Edit model card

distilbert-base-uncased-finetuned-imdb-v2

This model is a fine-tuned version of distilbert-base-uncased on the imdb dataset. It achieves the following results on the evaluation set:

  • Loss: 2.3033

Model description

This model is a fine-tuned version of DistilBERT base uncased on the IMDb dataset. It was trained to predict the next word in a sentence using masked language modeling. The model has been fine-tuned to adapt to the language patterns and sentiment present in movie reviews.

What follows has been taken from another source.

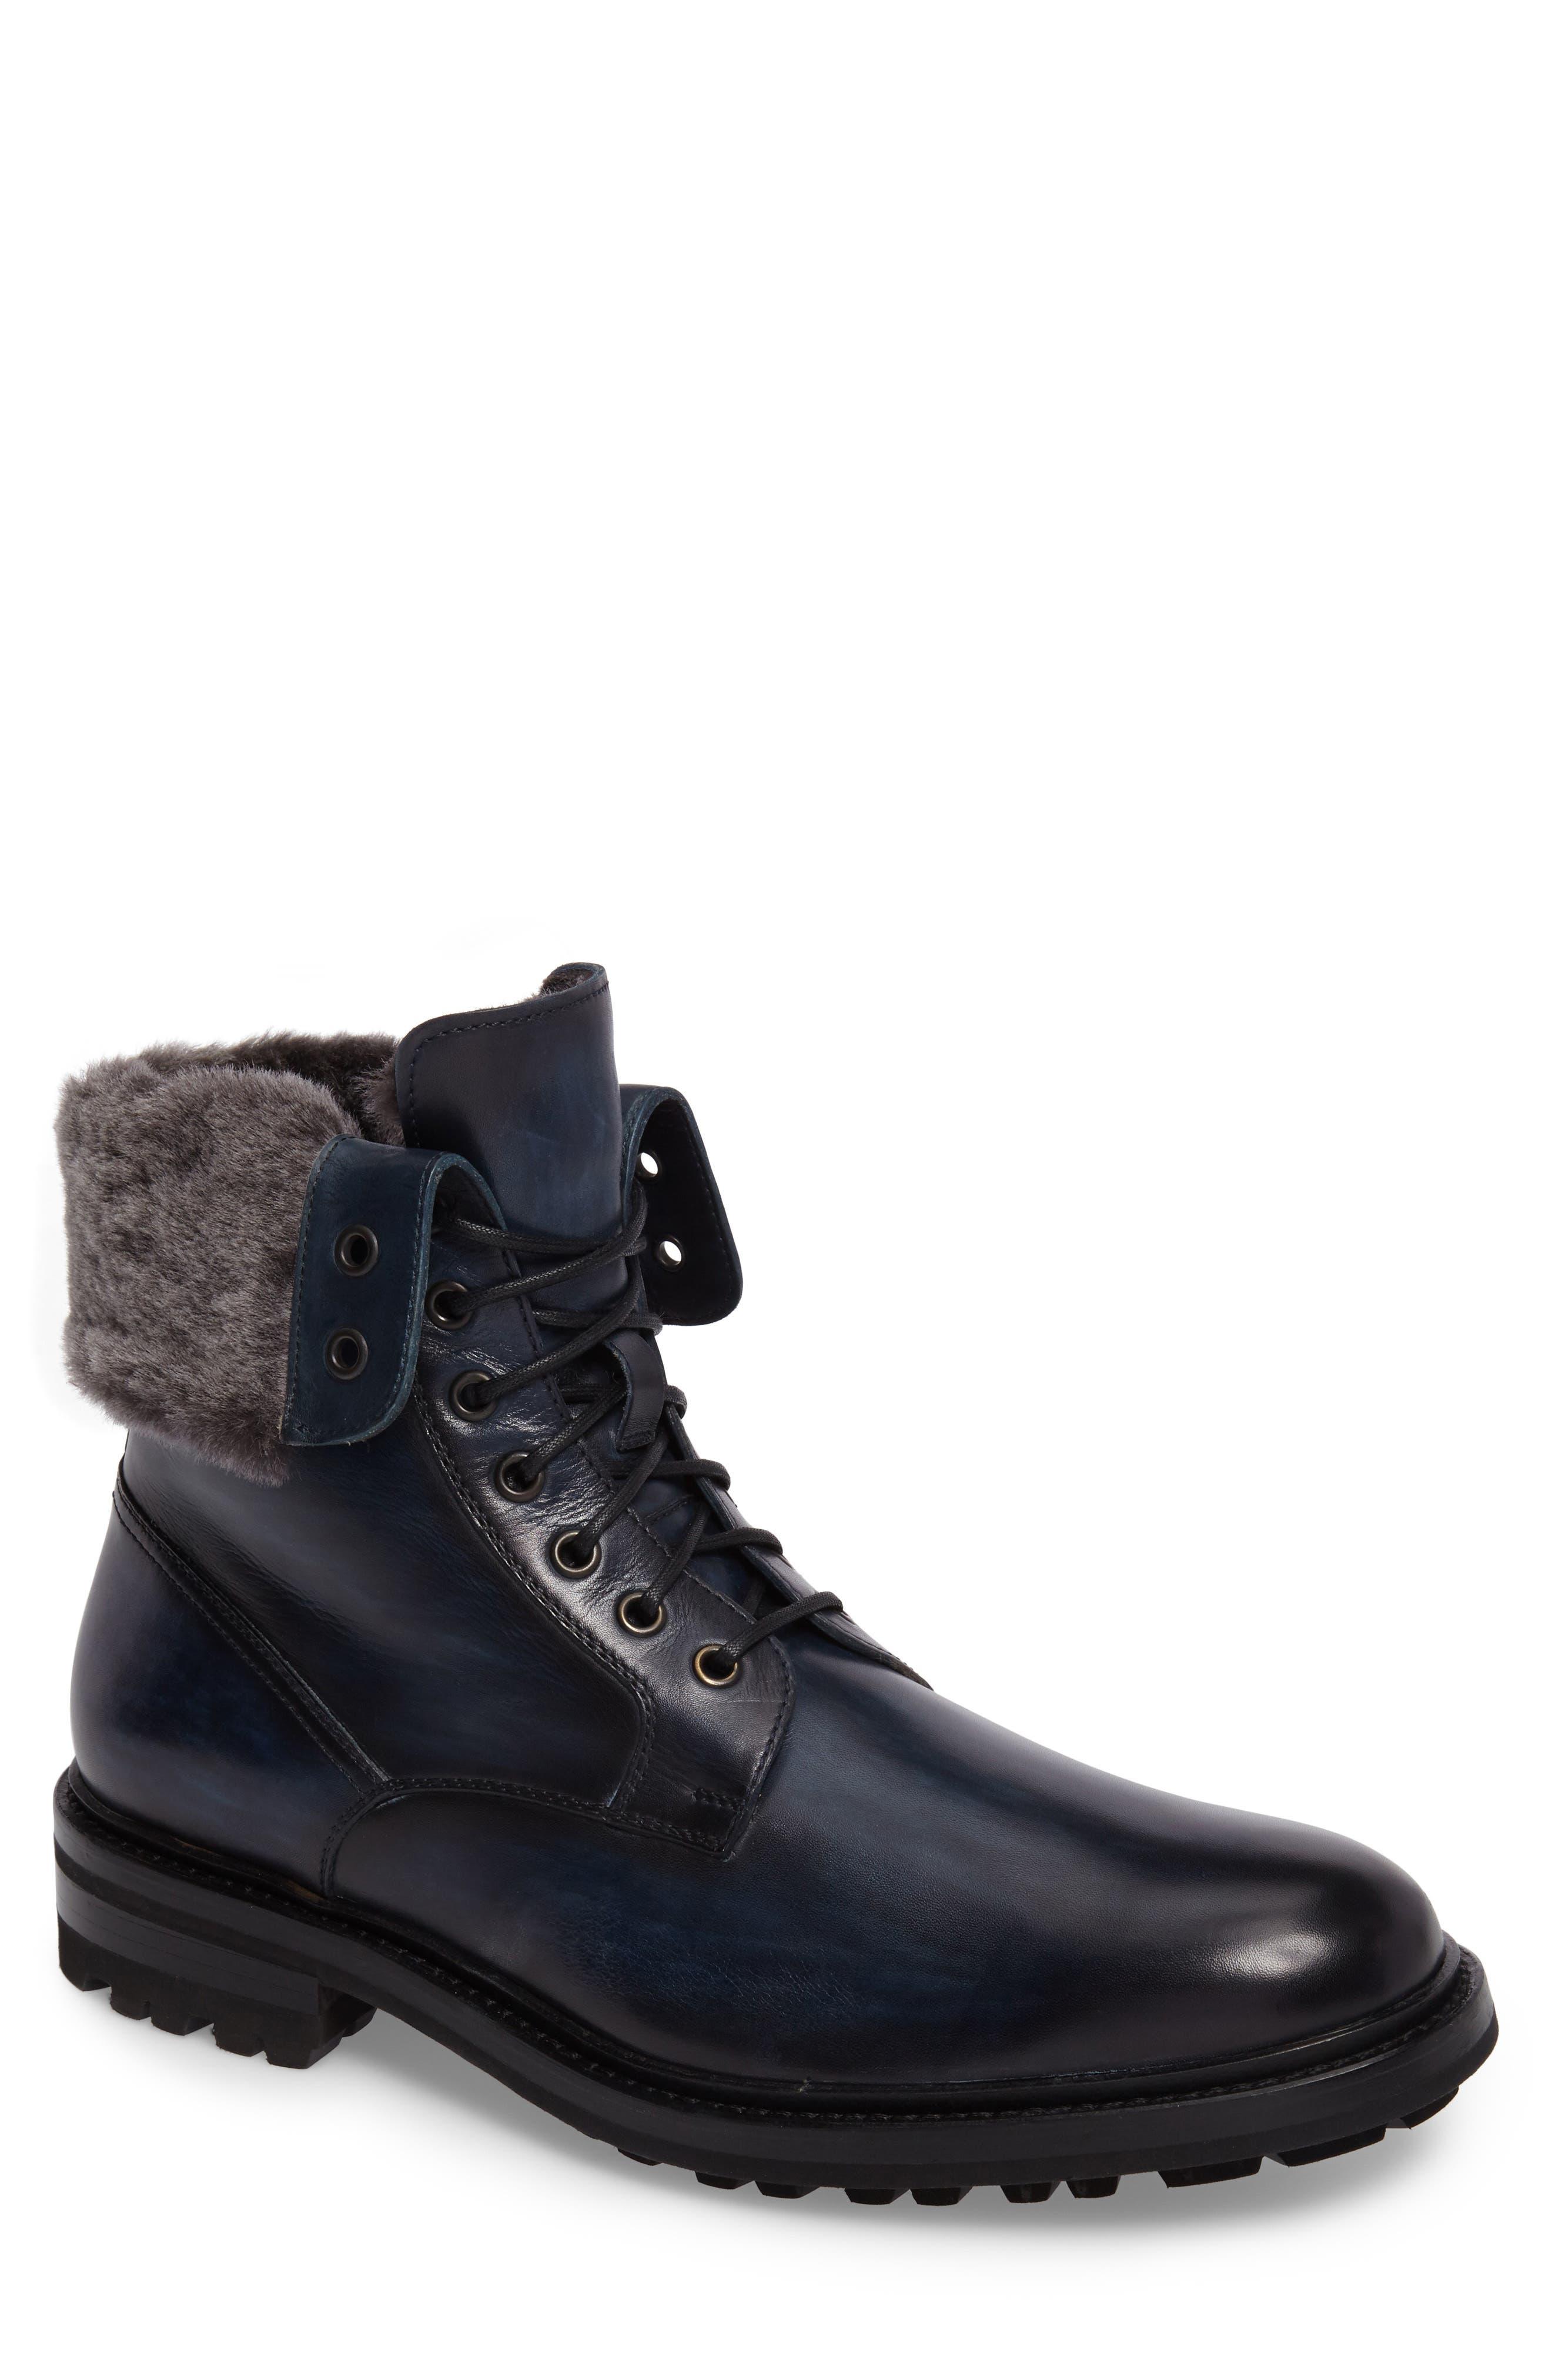 Magnanni Paxton Plain Toe Boot with Genuine Rabbit Fur Cuff (Men)

Intended uses & limitations

This model is primarily designed for the fill-mask task, a type of language modeling where the model is trained to predict missing words within a given context. It excels at completing sentences or phrases by predicting the most likely missing word based on the surrounding text. This functionality makes it valuable for a wide range of natural language processing tasks, such as generating coherent text, improving auto-completion in writing applications, and enhancing conversational agents' responses. However, it may have limitations in handling domain-specific language or topics not present in the IMDb dataset. Additionally, it may not perform well on languages other than English.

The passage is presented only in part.